Records to process section start

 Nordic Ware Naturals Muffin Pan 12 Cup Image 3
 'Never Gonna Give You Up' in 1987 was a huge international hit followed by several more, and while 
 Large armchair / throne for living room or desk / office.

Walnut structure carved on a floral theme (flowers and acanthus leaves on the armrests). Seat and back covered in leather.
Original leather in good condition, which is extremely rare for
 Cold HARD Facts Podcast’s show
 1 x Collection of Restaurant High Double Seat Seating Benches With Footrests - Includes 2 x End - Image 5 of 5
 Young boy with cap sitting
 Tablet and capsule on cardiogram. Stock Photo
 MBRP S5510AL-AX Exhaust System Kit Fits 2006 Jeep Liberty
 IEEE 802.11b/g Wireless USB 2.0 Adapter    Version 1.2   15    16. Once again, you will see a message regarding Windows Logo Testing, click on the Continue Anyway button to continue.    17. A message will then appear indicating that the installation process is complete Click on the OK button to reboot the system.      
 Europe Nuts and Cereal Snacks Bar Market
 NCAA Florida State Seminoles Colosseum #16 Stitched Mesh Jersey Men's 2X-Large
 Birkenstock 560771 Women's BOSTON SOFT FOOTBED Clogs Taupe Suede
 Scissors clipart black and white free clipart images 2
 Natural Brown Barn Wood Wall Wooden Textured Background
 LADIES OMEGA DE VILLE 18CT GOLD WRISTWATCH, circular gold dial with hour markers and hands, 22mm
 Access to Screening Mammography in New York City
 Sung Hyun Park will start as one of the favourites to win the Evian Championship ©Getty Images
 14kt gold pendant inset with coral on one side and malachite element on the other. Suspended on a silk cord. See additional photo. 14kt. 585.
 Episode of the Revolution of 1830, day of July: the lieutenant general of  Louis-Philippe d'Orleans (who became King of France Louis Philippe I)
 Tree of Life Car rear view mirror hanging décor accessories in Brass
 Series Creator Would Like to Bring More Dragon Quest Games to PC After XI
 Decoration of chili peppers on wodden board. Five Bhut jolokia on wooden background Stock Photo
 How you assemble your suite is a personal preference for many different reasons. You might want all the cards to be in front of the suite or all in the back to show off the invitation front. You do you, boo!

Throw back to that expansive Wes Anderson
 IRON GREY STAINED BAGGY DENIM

Records to process section end

#### Instructions to follow:
Starting at the line above that contains "Walnut structure carved", repeat each line exactly up to and including the line that contains "Natural Brown Barn", and stop there.

#### Answer section:
Walnut structure carved on a floral theme (flowers and acanthus leaves on the armrests). Seat and back covered in leather.
Original leather in good condition, which is extremely rare for
 Cold HARD Facts Podcast’s show
 1 x Collection of Restaurant High Double Seat Seating Benches With Footrests - Includes 2 x End - Image 5 of 5
 Young boy with cap sitting
 Tablet and capsule on cardiogram. Stock Photo
 MBRP S5510AL-AX Exhaust System Kit Fits 2006 Jeep Liberty
 IEEE 802.11b/g Wireless USB 2.0 Adapter    Version 1.2   15    16. Once again, you will see a message regarding Windows Logo Testing, click on the Continue Anyway button to continue.    17. A message will then appear indicating that the installation process is complete Click on the OK button to reboot the system.      
 Europe Nuts and Cereal Snacks Bar Market
 NCAA Florida State Seminoles Colosseum #16 Stitched Mesh Jersey Men's 2X-Large
 Birkenstock 560771 Women's BOSTON SOFT FOOTBED Clogs Taupe Suede
 Scissors clipart black and white free clipart images 2
 Natural Brown Barn Wood Wall Wooden Textured Background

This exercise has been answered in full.